In observation of Mental Health Awareness Month, one of our greatest supporters, Jacqueline Coffin contributed her personal story of strength and finding the light even in the hardest of situations. We feel so lucky to have met this inspirational babe through her endless love for The Style Theory & The Style Theory Collective.

Here’s the truth, speaking out is scary.
But if you don’t speak out, how will others know they’re not alone? Sometimes all it takes is for just one person to open up. Here’s a bit of my story.
Depression has been a part of me for as long as I can remember. My outlet was theatre. There was nothing quite like transforming into a character and performing in front of a crowd of strangers. After years and years of performing, I decided to start work behind the scenes. Choreography was almost as much of a high as performing. Seeing a dance in my head and then teaching it and watching it come to life was thrilling.
One morning, I had to get out the door to go to rehearsal for a show I was choreographing. When I stood up, I fell over. My entire lower half was numb and I couldn’t walk. It was one of the scariest moments of my life. After months of tests and medications, I received my diagnosis.
Sjogren’s Syndrome and Fibromyalgia.

When I heard my diagnosis, I felt like I was in a daze. I wasn’t dying and there were far worse things that could be happening, but life was going to be very different. The things I love suddenly seemed far away. It was no longer easy to get up and choreograph a musical. I could no longer fill my life with constant activities. I had to slow down. My body was telling me to slow down. My depression worsened with my diagnosis. I found myself lost in a cycle of hopelessness. I wondered if life would ever be okay again. If I would get used to the constant pain and the tests with no answers and the negative reaction to treatment after treatment.
The truth is, I still feel it. The hopelessness creeps up on me when I’m least expecting it. Although things haven’t changed for me health wise, I’ve gotten better mentally. I know that I’ll be okay, but we all have our days. Sometimes I’m scared about living this life, but I always remind myself to have faith. Faith that things will work out the way they’re supposed to. That I’ll have children and advance in my career and get married and continue living this crazy, messed up yet wonderful life. It’s been almost three years and I haven’t found the “perfect treatment” yet. Every treatment feels like a shot in the dark. It either doesn’t work or I’m allergic to it. Doctors appointments have become a regular part of every week. I’m used to painful tests and bad news and finding no answers.

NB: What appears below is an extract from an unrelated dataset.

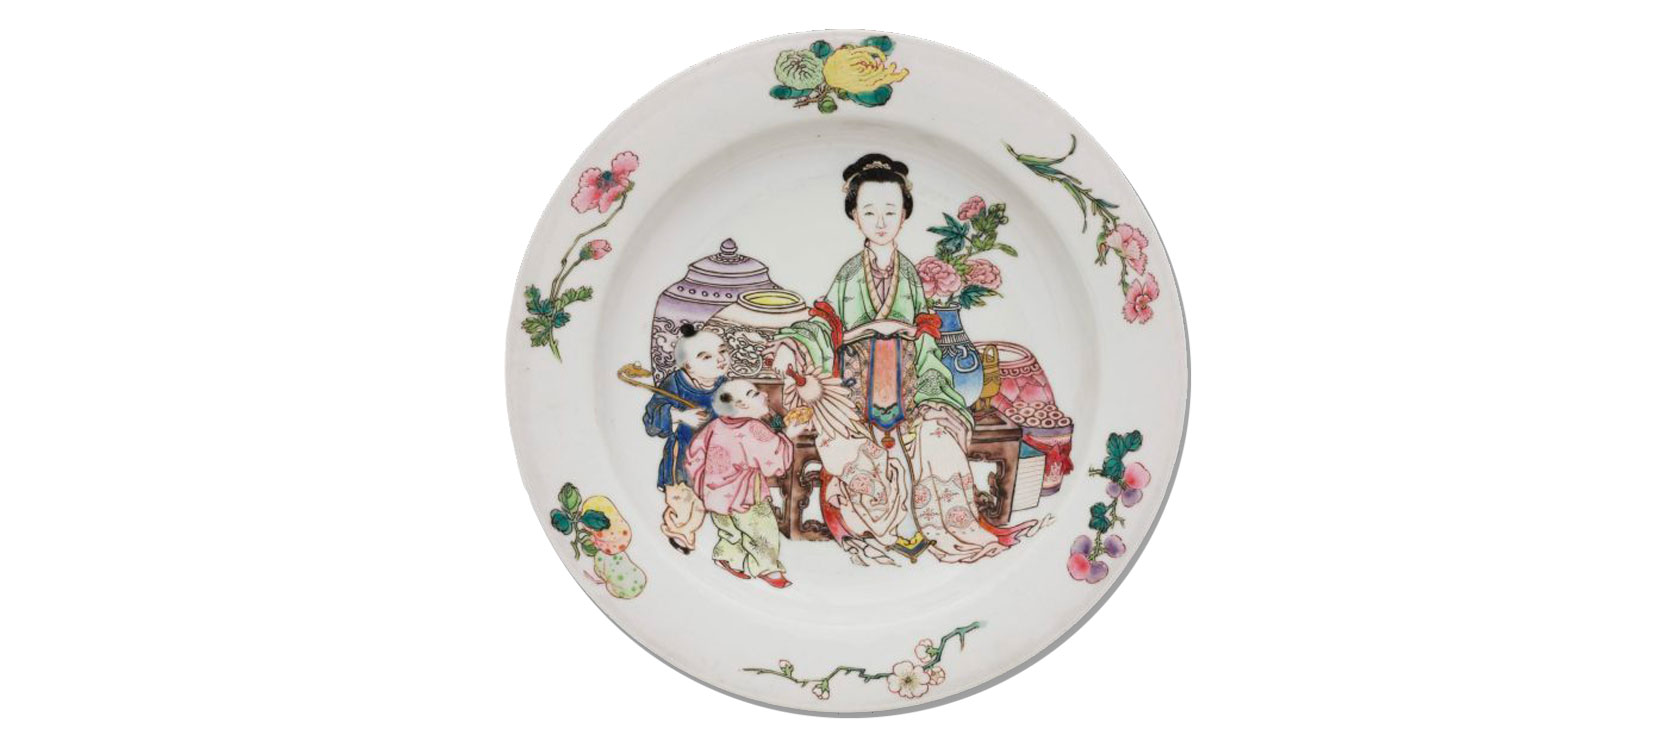 Plate, China, 1723, Qing Dynasty (1644-1911). Enamel porcelain, 8 1/8 inches (20.6375 cm). The Nelson-Atkins Museum of Art, Kansas City, Missouri. Purchase: Willliam Rockhill Nelson Trust, 60-73/1.

Invisible illnesses are tough. I often deal with people telling me I look great or I can’t be sick because I hold myself so well. That is because all I do is fight. Every day is a battle. Every day I wake up not knowing if I’ll have enough energy to get through the day. Exhaustion and pain are constants, but I have to keep fighting. Things get hard, but I have small reminders that everything is going to be okay. No matter what the test results or what the doctors say, I know that as long as I have family and friends who love me,
I’ll be okay.

Anyone who deals with an autoimmune condition understands how many struggles there are on a daily basis. Recently I’ve been struggling with my weight. My weight fluctuates up and down pretty frequently thanks to a combination of symptoms and medication. Recently, I’ve been gaining weight and my self esteem is shot. This only adds to the depression which makes me feel worse physically and the whole thing is one vicious cycle. While it may sound to some of you that gaining weight isn’t that big of deal, it can be when you’re dealing with so many other health things at once.

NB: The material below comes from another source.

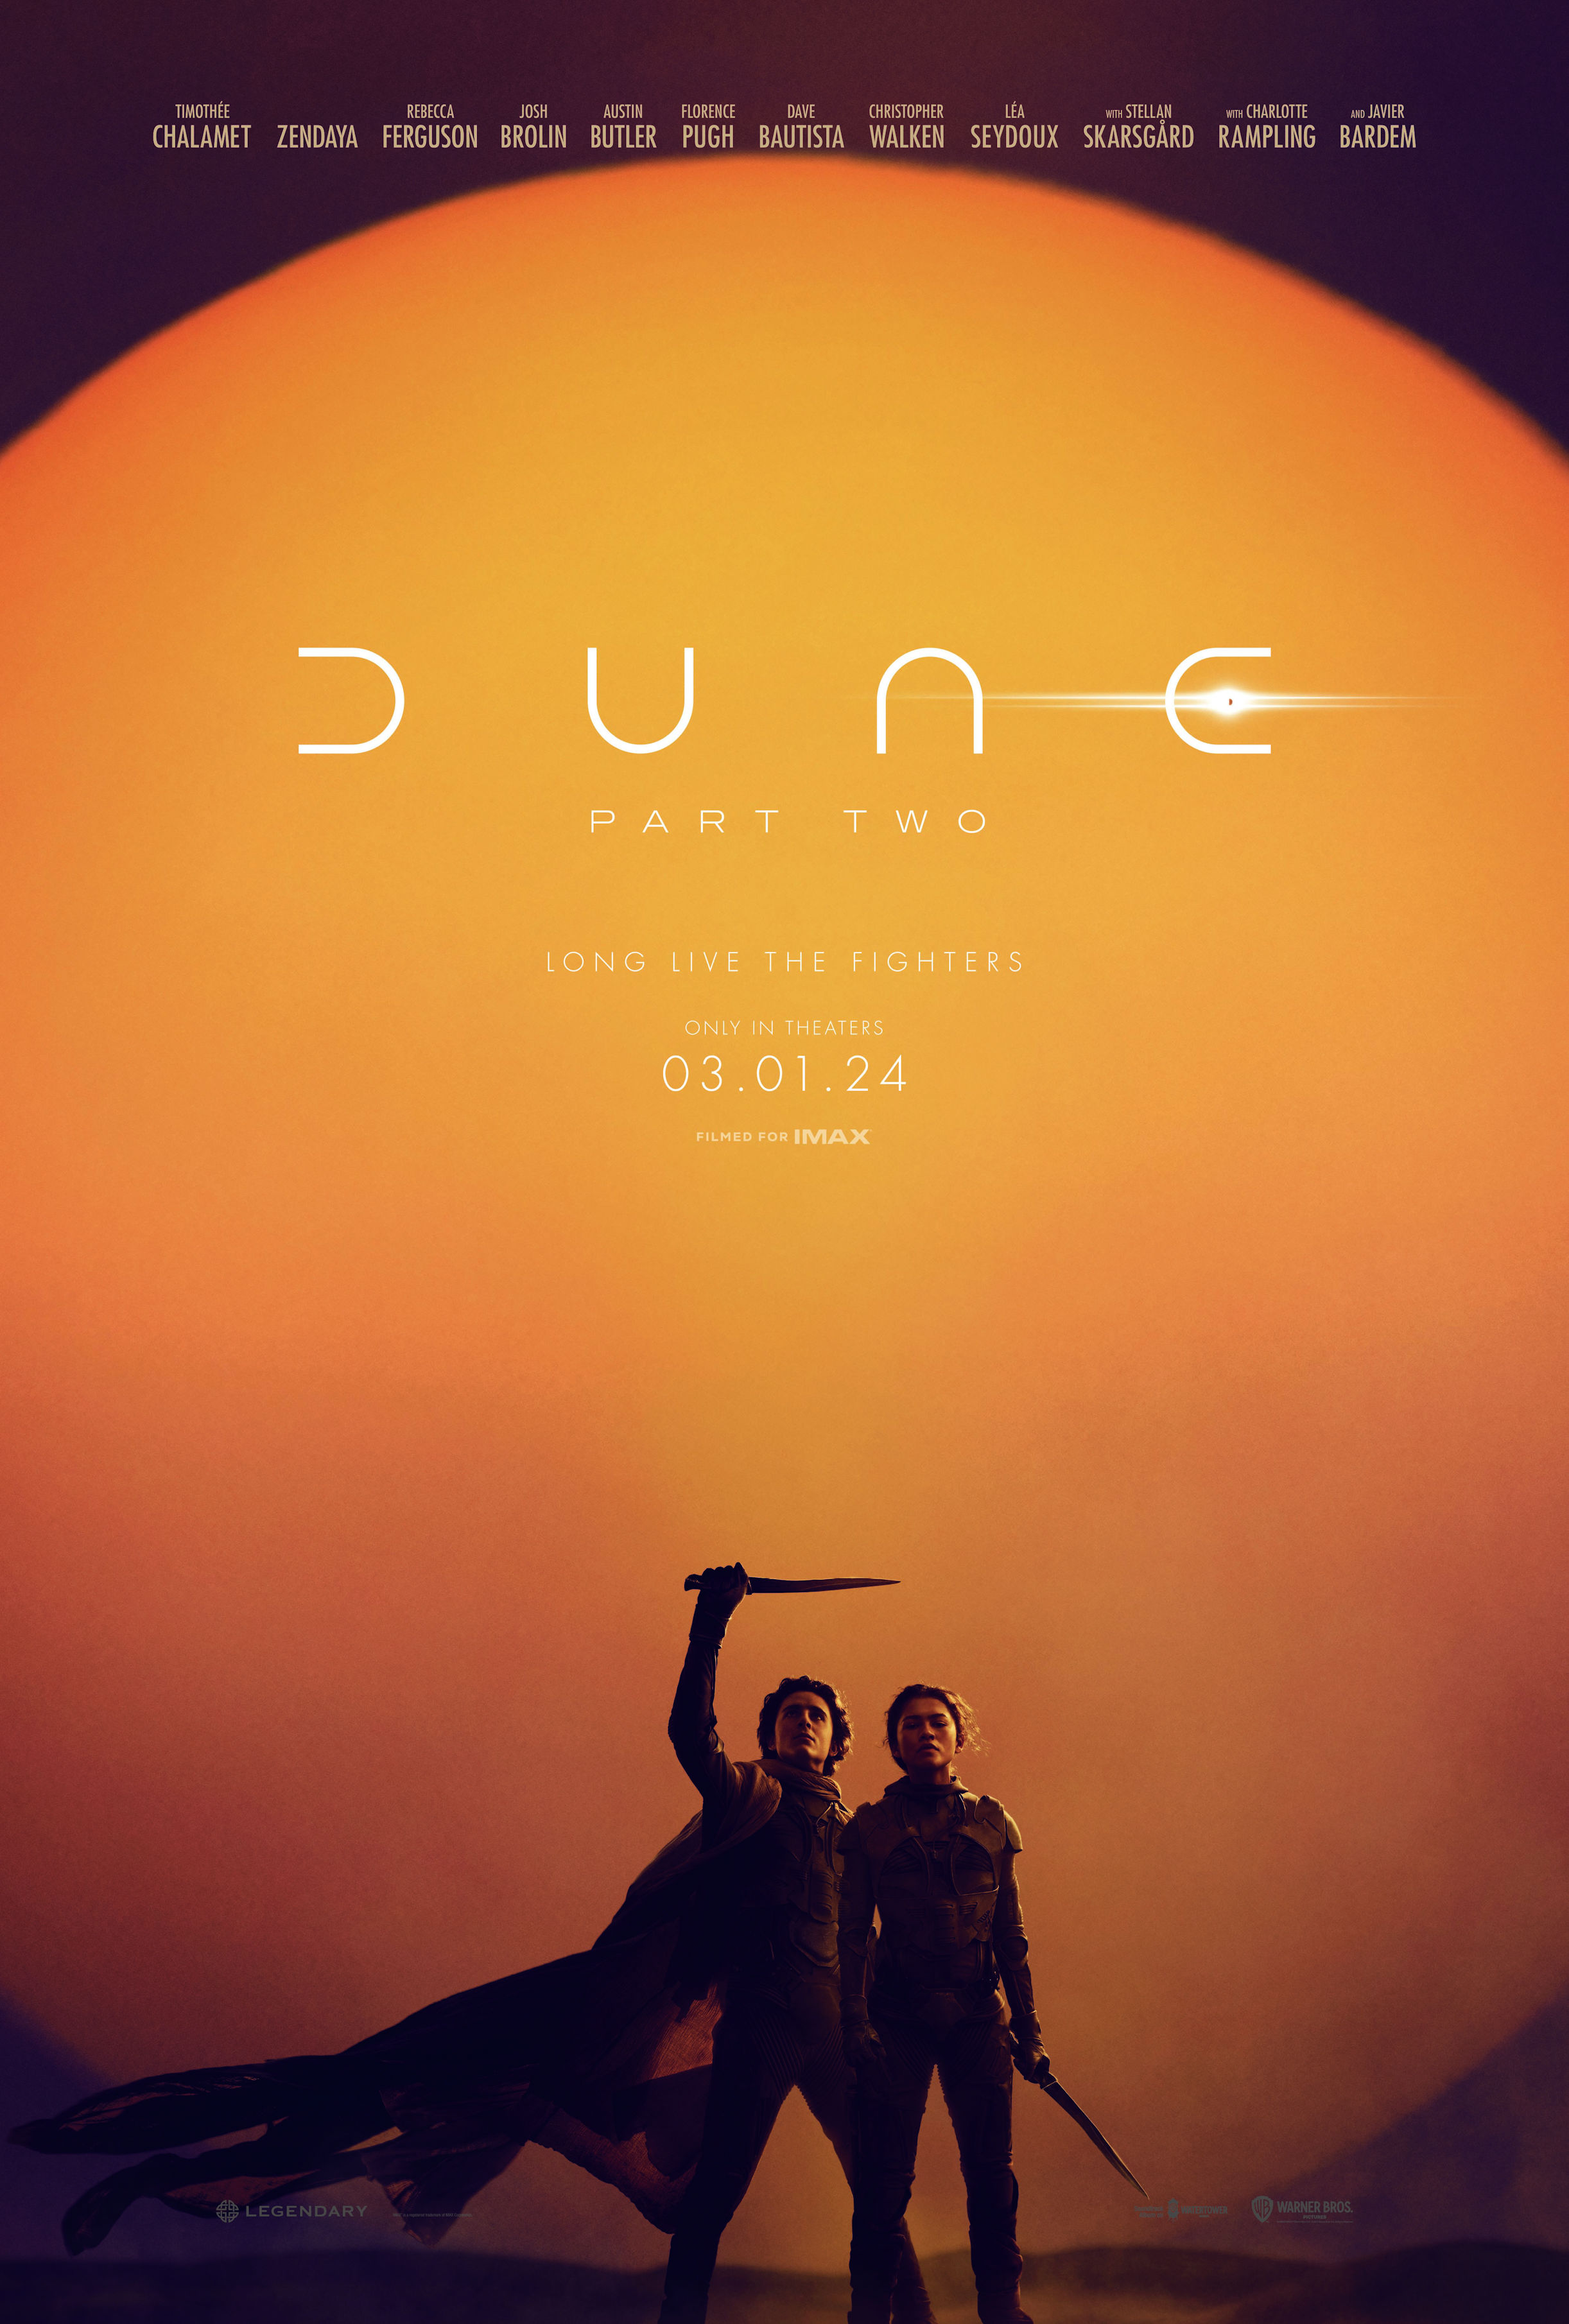 <p>No surprise here! "Dune: Part Two" isn't just one of the best films of the year, the rare case of a sequel that's better than its predecessor or one of the best sci-fi films to grace the silver screen. It's one of the best films ever, period. It banked more than $685M at the box office and scored a 93% fresh rating with critics on Rotten Tomatoes. A third installment in the Timothee Chalamet and <a href="https://www.wonderwall.com/celebrity/profiles/overview/zendaya-1555.article">Zendaya</a>-led sci-fi series is currently in the works. And we can't wait!</p>

But what I have to stop and remember is that if I’m eating relatively healthy and working out (to the extent I can), then who cares if I have a few extra pounds? I need to spend more time focusing on being healthy and feeling ok and less time feeling bad about myself because I’ve gained some weight. This is something I don’t have much control over and I must learn to accept that.

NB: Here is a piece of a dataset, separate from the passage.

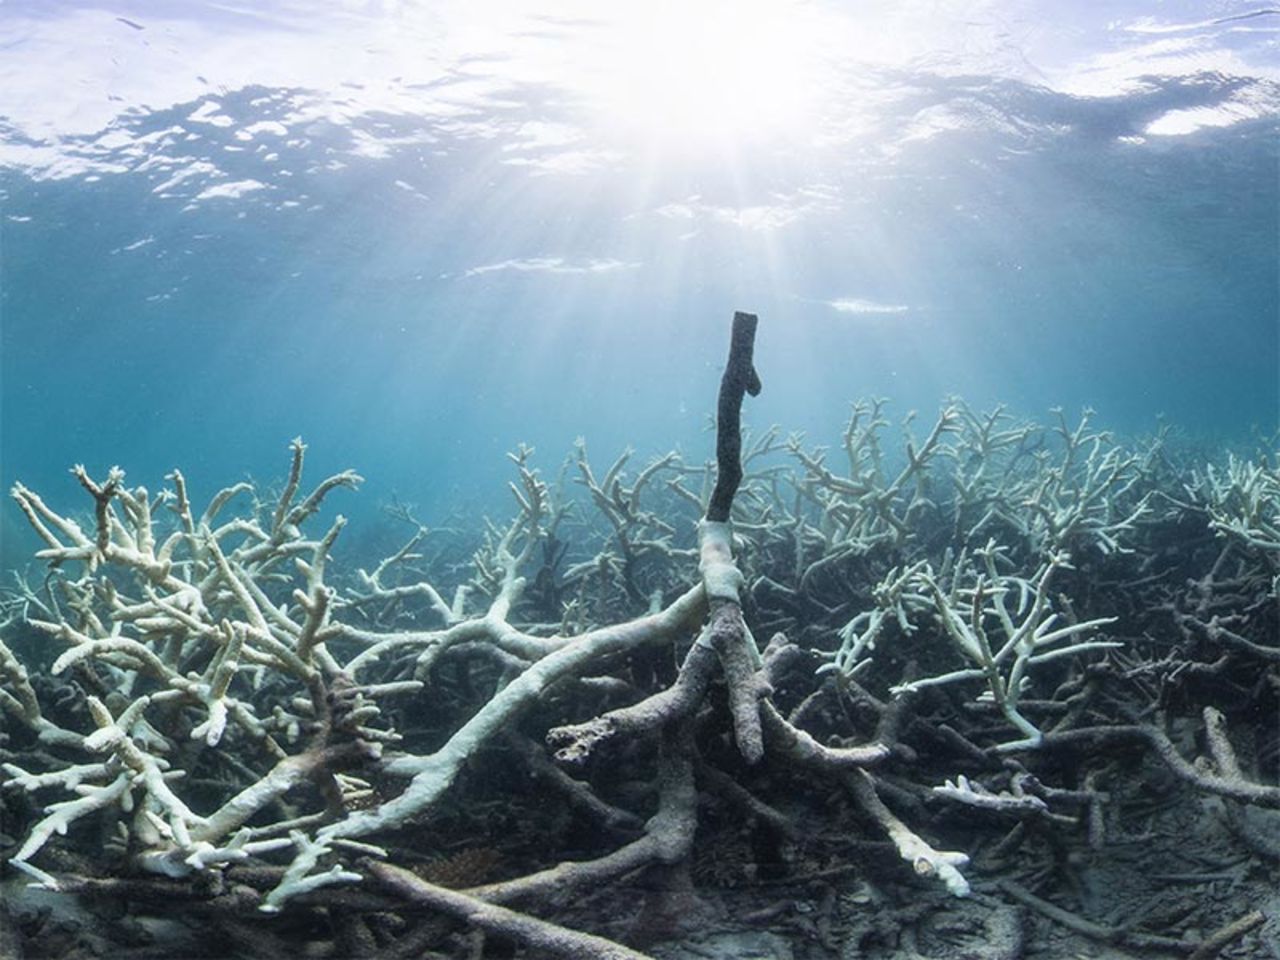 Some of the bleaching of reefs in the northern section has been described as "extreme."

We all have demons. We all have dark thoughts that creep up on us when we’re least expecting it. The voice in our head that tells us we’re not pretty enough or skinny enough or good enough. But screw that. Tell the voice to leave you alone – scream at it if you have to. You are brave and beautiful exactly the way you are.
This illness is no joke. It messes with me more than I could possibly explain in a blog post. But here’s the thing I’ve learned, life goes on. My life is going on. No matter how painful it is or how down I feel, I’ve lived to fight another day. When I feel lost or hopeless, I think about how much I’ve accomplished so far. I’m here and I’m still standing.